The 168-page review by Queen’s Counsel Robert Gotterson was released to the public on Thursday (October 6), declaring that Star’s two casinos in the state were “operated in a way that is inconsistent with the achievement of the objectives of the Casino Control Act 1982 (Qld)”.

The review was not empowered to declare unsuitability, but Gotterson found that Star’s conduct “appears to leave open a finding … of unsuitability of the licensees of The Star’s Queensland Casinos”.

Gotterson declared that Star “actively encouraged” gamblers excluded from other Australian casinos, including at The Star in Sydney, to gamble in Queensland. These gamblers included people of likely criminal background, he said.

As with adverse findings on Star Entertainment in New South Wales (NSW) state and on Crown Resorts in Victoria state, the report said Star was either “less than forthcoming” or “deliberately misleading” in its use of the China UnionPay debit card to disguise gaming transactions as hotel expenses.

And as in NSW, Star Entertainment was “insufficiently transparent” with the state regulator about procedural changes that allowed the China UnionPay to be exploited despite breaching the rules of the card company and those of the National Australia Bank (NAB).

“It was a serious dereliction of The Star’s AML/CTF [anti-money laundering and counter-terrorism financing] responsibilities that the deficiencies explored in the Inquiry could occur in the first place and that they could persist over some years.

“The Star’s AML/CTF program was seriously deficient until relatively recent times.
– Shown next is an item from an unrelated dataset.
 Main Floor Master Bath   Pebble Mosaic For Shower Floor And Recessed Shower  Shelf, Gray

It remains deficient at least for its lack of clarity and discordance with the AML regime’s risk ratings.”

Gotterson’s recommendations, however, assume that Star Entertainment will retain its licence to operate in Queensland, a reasonably safe assumption given that much more extensively documented breaches of the law in NSW, Victoria and Western Australia by Star and Crown did not result in licence cancellation.
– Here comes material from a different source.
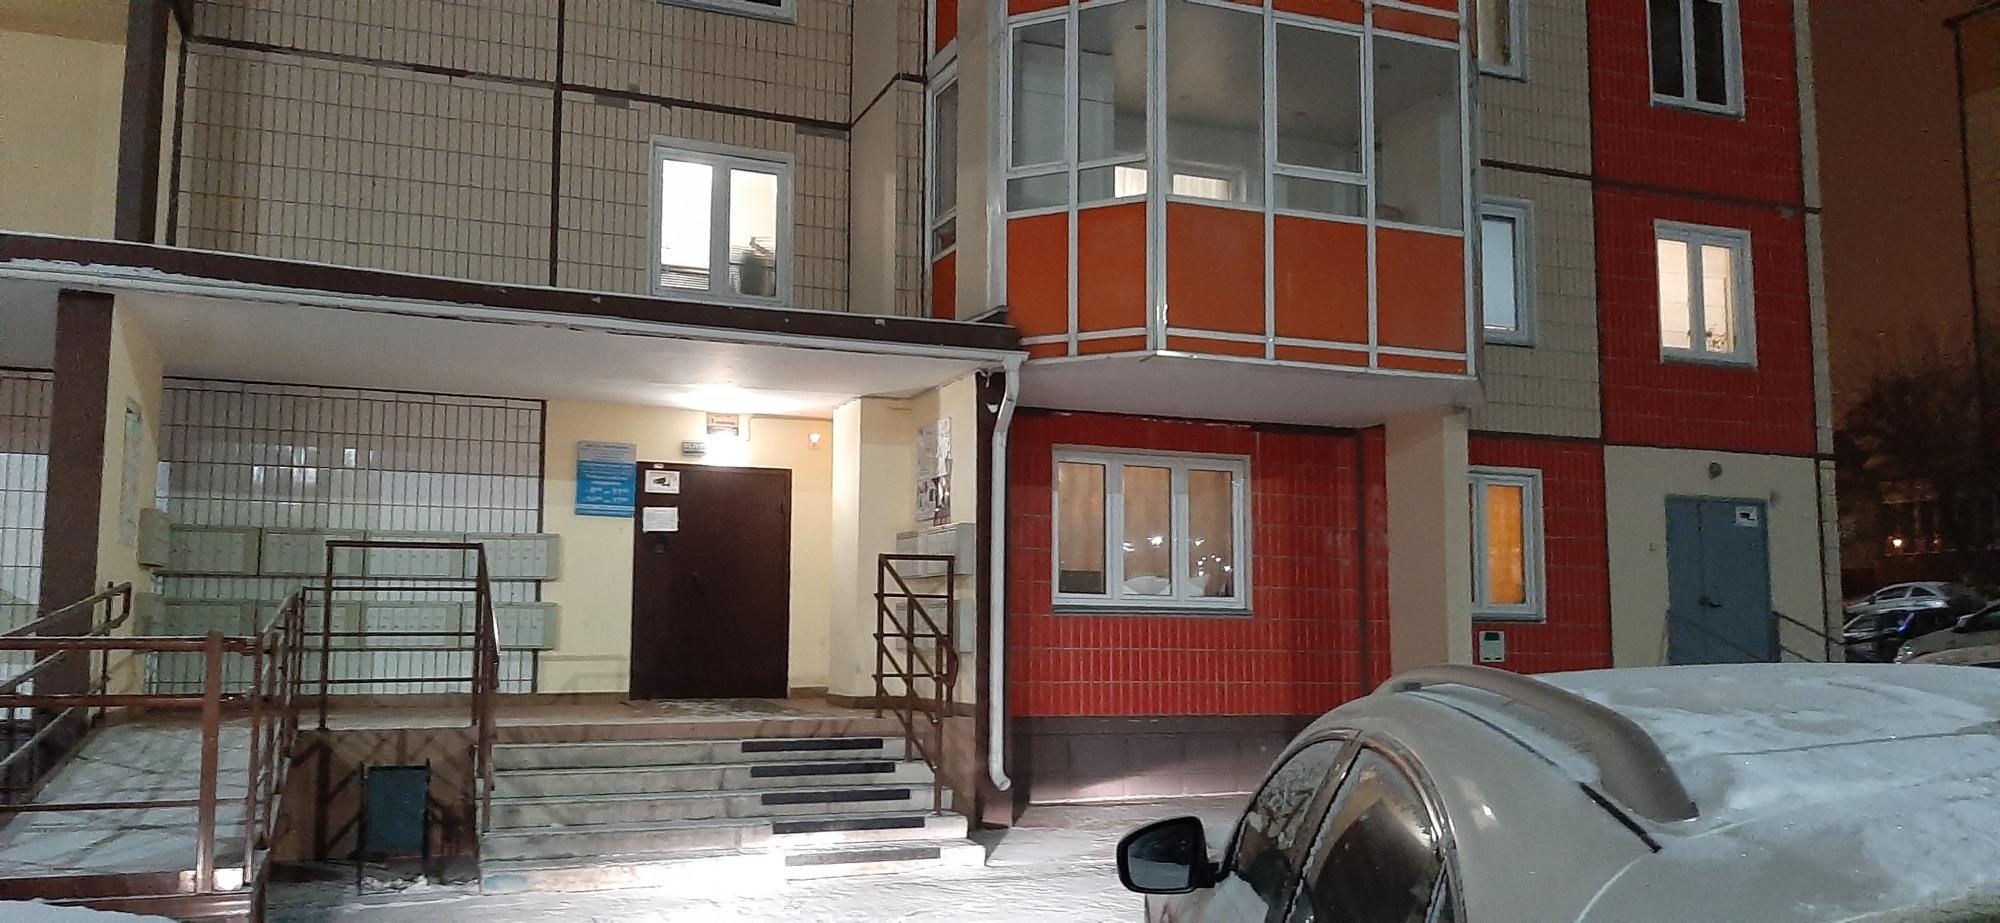 1к квартира Сопочная улица, 36 | 12000 | аренда в Красноярске фото 6

The Queensland government has also expended considerable political capital in promoting the Queen's Wharf project, thereby increasing electoral risk if the project collapses.
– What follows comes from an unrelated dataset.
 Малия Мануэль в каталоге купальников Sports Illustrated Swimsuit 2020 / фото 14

The 12 recommendations in the report are unremarkable in that they resemble recommendations in other state government probes, including introduction of carded play, cashless gambling, a pre-commitment system and player time restrictions, as well as tighter collection of player data and regulatory scrutiny.

Most notable, however, is an absence of findings on allegations of criminal association against Star’s Chinese partner on the multibillion-dollar Queen’s Wharf casino precinct in Brisbane.

In his introduction, Gotterson notes the state attorney general requested that he consider media claims that jewellery giant Chow Tai Fook is linked to organised crime.

But Gotterson does not engage the matter following his acknowledgement that Chow Tai Fook’s suitability falls within the inquiry’s terms of reference.

It was not immediately clear if Gotterson will submit separate findings on the Hong Kong-based company to the regulator.

Queensland’s Office of Liquor and Gaming Regulation is probing Chow Tai Fook’s record anew, following the media reports and attorney general Shannon Fentiman’s undertaking to probe the “incredibly concerning” allegations.